**TASK DIRECTIONS**
From the first entry to the last, copy each one exactly.

Records from a dataset
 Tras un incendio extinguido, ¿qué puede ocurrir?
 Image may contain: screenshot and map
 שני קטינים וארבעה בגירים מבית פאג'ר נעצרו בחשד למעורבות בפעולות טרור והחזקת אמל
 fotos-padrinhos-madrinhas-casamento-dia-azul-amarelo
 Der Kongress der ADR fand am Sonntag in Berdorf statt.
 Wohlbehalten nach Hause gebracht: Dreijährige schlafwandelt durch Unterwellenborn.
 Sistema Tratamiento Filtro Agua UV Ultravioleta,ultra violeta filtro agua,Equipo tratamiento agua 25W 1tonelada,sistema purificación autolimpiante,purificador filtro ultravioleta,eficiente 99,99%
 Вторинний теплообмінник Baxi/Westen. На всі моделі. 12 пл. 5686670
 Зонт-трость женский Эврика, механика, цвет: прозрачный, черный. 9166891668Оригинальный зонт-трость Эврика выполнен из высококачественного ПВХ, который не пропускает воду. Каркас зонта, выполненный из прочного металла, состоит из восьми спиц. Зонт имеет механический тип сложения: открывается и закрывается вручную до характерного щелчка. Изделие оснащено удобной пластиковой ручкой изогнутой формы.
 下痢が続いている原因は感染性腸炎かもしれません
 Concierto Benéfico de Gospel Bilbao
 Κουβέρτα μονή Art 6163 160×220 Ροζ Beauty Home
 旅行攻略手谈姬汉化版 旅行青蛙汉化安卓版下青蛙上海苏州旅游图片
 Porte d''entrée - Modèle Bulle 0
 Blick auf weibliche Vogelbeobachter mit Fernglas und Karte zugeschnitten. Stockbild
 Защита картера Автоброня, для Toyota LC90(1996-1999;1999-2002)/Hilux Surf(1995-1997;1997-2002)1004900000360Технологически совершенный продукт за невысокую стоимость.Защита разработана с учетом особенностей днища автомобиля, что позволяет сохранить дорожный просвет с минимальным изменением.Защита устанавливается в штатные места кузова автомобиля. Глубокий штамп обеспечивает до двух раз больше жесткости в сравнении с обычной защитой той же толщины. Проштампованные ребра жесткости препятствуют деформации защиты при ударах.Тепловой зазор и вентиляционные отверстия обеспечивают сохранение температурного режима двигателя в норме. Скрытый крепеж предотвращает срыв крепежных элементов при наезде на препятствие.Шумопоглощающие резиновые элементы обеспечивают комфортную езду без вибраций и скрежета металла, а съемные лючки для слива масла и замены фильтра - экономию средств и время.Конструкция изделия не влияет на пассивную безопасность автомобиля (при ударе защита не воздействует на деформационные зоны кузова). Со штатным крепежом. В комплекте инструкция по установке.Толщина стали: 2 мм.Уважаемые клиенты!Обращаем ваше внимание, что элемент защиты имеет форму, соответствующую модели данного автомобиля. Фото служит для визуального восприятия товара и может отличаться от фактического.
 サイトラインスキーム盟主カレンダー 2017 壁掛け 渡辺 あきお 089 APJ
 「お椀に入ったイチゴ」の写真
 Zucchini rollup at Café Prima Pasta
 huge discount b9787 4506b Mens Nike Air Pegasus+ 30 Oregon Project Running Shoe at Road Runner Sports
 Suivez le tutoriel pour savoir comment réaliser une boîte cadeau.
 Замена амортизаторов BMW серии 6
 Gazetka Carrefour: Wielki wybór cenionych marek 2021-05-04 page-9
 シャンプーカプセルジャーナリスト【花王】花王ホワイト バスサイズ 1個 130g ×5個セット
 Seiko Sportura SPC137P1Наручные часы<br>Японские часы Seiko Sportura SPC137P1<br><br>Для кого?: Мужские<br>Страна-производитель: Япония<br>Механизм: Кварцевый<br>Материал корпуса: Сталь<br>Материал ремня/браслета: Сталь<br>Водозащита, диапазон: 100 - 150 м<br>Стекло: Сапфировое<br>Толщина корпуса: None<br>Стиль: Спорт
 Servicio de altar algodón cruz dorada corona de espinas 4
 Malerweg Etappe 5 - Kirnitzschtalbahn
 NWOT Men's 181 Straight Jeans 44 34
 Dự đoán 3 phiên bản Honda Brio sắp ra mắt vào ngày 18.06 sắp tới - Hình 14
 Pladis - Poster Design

**RESPONSE BOX**
 Tras un incendio extinguido, ¿qué puede ocurrir?
 Image may contain: screenshot and map
 שני קטינים וארבעה בגירים מבית פאג'ר נעצרו בחשד למעורבות בפעולות טרור והחזקת אמל
 fotos-padrinhos-madrinhas-casamento-dia-azul-amarelo
 Der Kongress der ADR fand am Sonntag in Berdorf statt.
 Wohlbehalten nach Hause gebracht: Dreijährige schlafwandelt durch Unterwellenborn.
 Sistema Tratamiento Filtro Agua UV Ultravioleta,ultra violeta filtro agua,Equipo tratamiento agua 25W 1tonelada,sistema purificación autolimpiante,purificador filtro ultravioleta,eficiente 99,99%
 Вторинний теплообмінник Baxi/Westen. На всі моделі. 12 пл. 5686670
 Зонт-трость женский Эврика, механика, цвет: прозрачный, черный. 9166891668Оригинальный зонт-трость Эврика выполнен из высококачественного ПВХ, который не пропускает воду. Каркас зонта, выполненный из прочного металла, состоит из восьми спиц. Зонт имеет механический тип сложения: открывается и закрывается вручную до характерного щелчка. Изделие оснащено удобной пластиковой ручкой изогнутой формы.
 下痢が続いている原因は感染性腸炎かもしれません
 Concierto Benéfico de Gospel Bilbao
 Κουβέρτα μονή Art 6163 160×220 Ροζ Beauty Home
 旅行攻略手谈姬汉化版 旅行青蛙汉化安卓版下青蛙上海苏州旅游图片
 Porte d''entrée - Modèle Bulle 0
 Blick auf weibliche Vogelbeobachter mit Fernglas und Karte zugeschnitten. Stockbild
 Защита картера Автоброня, для Toyota LC90(1996-1999;1999-2002)/Hilux Surf(1995-1997;1997-2002)1004900000360Технологически совершенный продукт за невысокую стоимость.Защита разработана с учетом особенностей днища автомобиля, что позволяет сохранить дорожный просвет с минимальным изменением.Защита устанавливается в штатные места кузова автомобиля. Глубокий штамп обеспечивает до двух раз больше жесткости в сравнении с обычной защитой той же толщины. Проштампованные ребра жесткости препятствуют деформации защиты при ударах.Тепловой зазор и вентиляционные отверстия обеспечивают сохранение температурного режима двигателя в норме. Скрытый крепеж предотвращает срыв крепежных элементов при наезде на препятствие.Шумопоглощающие резиновые элементы обеспечивают комфортную езду без вибраций и скрежета металла, а съемные лючки для слива масла и замены фильтра - экономию средств и время.Конструкция изделия не влияет на пассивную безопасность автомобиля (при ударе защита не воздействует на деформационные зоны кузова). Со штатным крепежом. В комплекте инструкция по установке.Толщина стали: 2 мм.Уважаемые клиенты!Обращаем ваше внимание, что элемент защиты имеет форму, соответствующую модели данного автомобиля. Фото служит для визуального восприятия товара и может отличаться от фактического.
 サイトラインスキーム盟主カレンダー 2017 壁掛け 渡辺 あきお 089 APJ
 「お椀に入ったイチゴ」の写真
 Zucchini rollup at Café Prima Pasta
 huge discount b9787 4506b Mens Nike Air Pegasus+ 30 Oregon Project Running Shoe at Road Runner Sports
 Suivez le tutoriel pour savoir comment réaliser une boîte cadeau.
 Замена амортизаторов BMW серии 6
 Gazetka Carrefour: Wielki wybór cenionych marek 2021-05-04 page-9
 シャンプーカプセルジャーナリスト【花王】花王ホワイト バスサイズ 1個 130g ×5個セット
 Seiko Sportura SPC137P1Наручные часы<br>Японские часы Seiko Sportura SPC137P1<br><br>Для кого?: Мужские<br>Страна-производитель: Япония<br>Механизм: Кварцевый<br>Материал корпуса: Сталь<br>Материал ремня/браслета: Сталь<br>Водозащита, диапазон: 100 - 150 м<br>Стекло: Сапфировое<br>Толщина корпуса: None<br>Стиль: Спорт
 Servicio de altar algodón cruz dorada corona de espinas 4
 Malerweg Etappe 5 - Kirnitzschtalbahn
 NWOT Men's 181 Straight Jeans 44 34
 Dự đoán 3 phiên bản Honda Brio sắp ra mắt vào ngày 18.06 sắp tới - Hình 14
 Pladis - Poster Design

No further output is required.